98. Итак подвижнику Христову, законно подвизающемуся, надлежит с корнем вырвать из себя страсть гнева. Для совершенного же уврачевания этой болести потребно такое лечение: прежде всего уверовать, что гневаться не подобает ни под каким видом, ни по праведным ни по неправедным причинам, – зная, что коль скоро источный наш свет, свет нашего сердца будет помрачен тьмою его, то мы тотчас потеряем и свет различения вещей, и твердость благоразумия, и благопристойность, и мерило правды; потом держать убеждение, что если дух гнева замедлит в нас, то вследствие того неизбежно помутится чистота духа нашего, и он никак уже не может быть храмом Духа Святого; наконец помышлять и о том, что нам, пока пребываем в гневе, никак нельзя будет молиться и изливать пред Богом прошения свои.

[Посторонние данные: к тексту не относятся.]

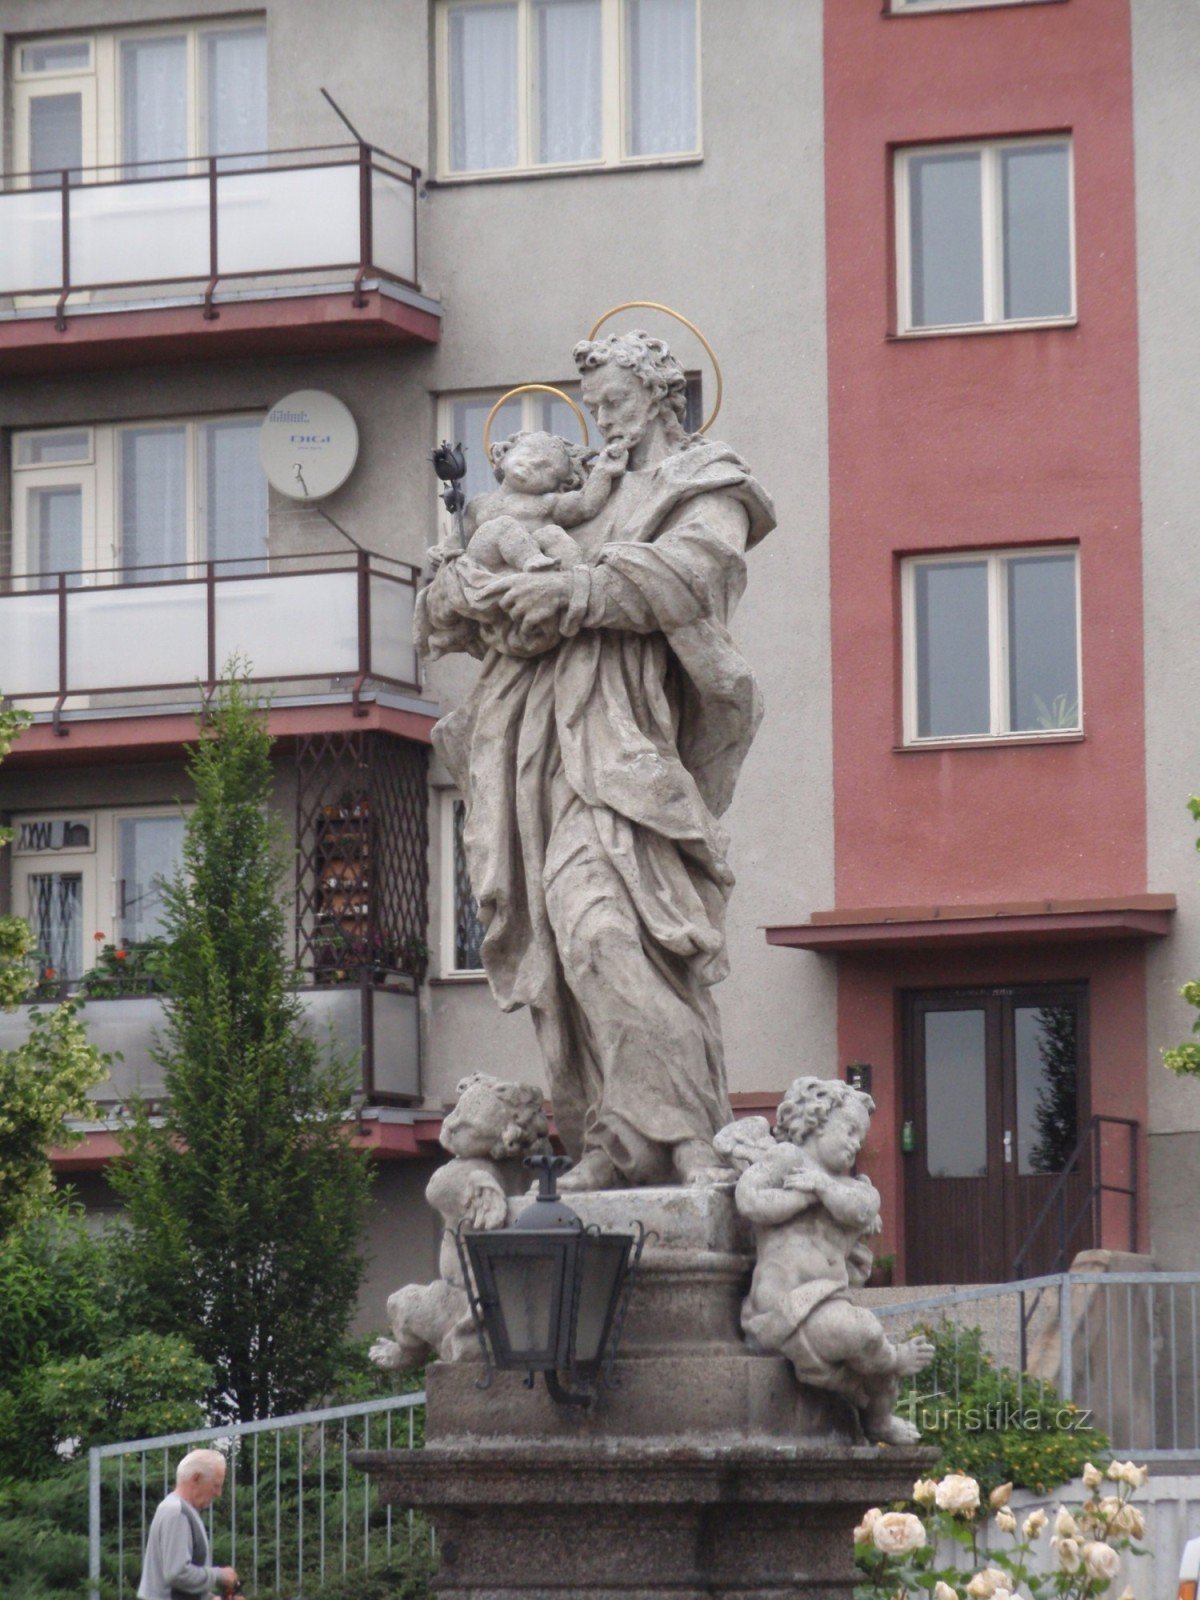 Άγαλμα του Αγ. Ο Joseph with Baby Jesus στο Velké Meziříčí

Паче же всего, имея пред очами неизвестность предела человеческой жизни, будем постоянно думать, что мы можем преселиться из тела каждый день, и что нам нимало не помогут там ни соблюдение чистоты целомудрия, ни отречение от всех имуществ, ни презрение богатства, ни труды постов и бдений, когда за один гнев и ненависть Судия вселенной угрожает вечными муками.

д. Борьба с духом печали – (Кн. 9-я)

99. В пятой брани предлежит нам отбивать остны всепожирающей печали, – которая, если как-нибудь получит возможность обладать нашим сердцем, то пресекает видение Божественного созерцания, и душу всю низвергши с высот святого благонастроения, расслабляет вконец и подавляет: ни молитв не дает ей совершать с обычною сердечною живостию, ни чтению Священных книг, – сему духовному орудию и врачевству, – не допускает прилежать, ни мирною и тихою с братиями быть не оставляет, – ко всем также обязательным делам послушания делает нетерпеливою и ропотливою, и отняв всякое здравое рассуждение и возмутив сердце, делает ее как бы обезумевшею и опьянелою, и сокрушает и подавляет пагубным отчаянием.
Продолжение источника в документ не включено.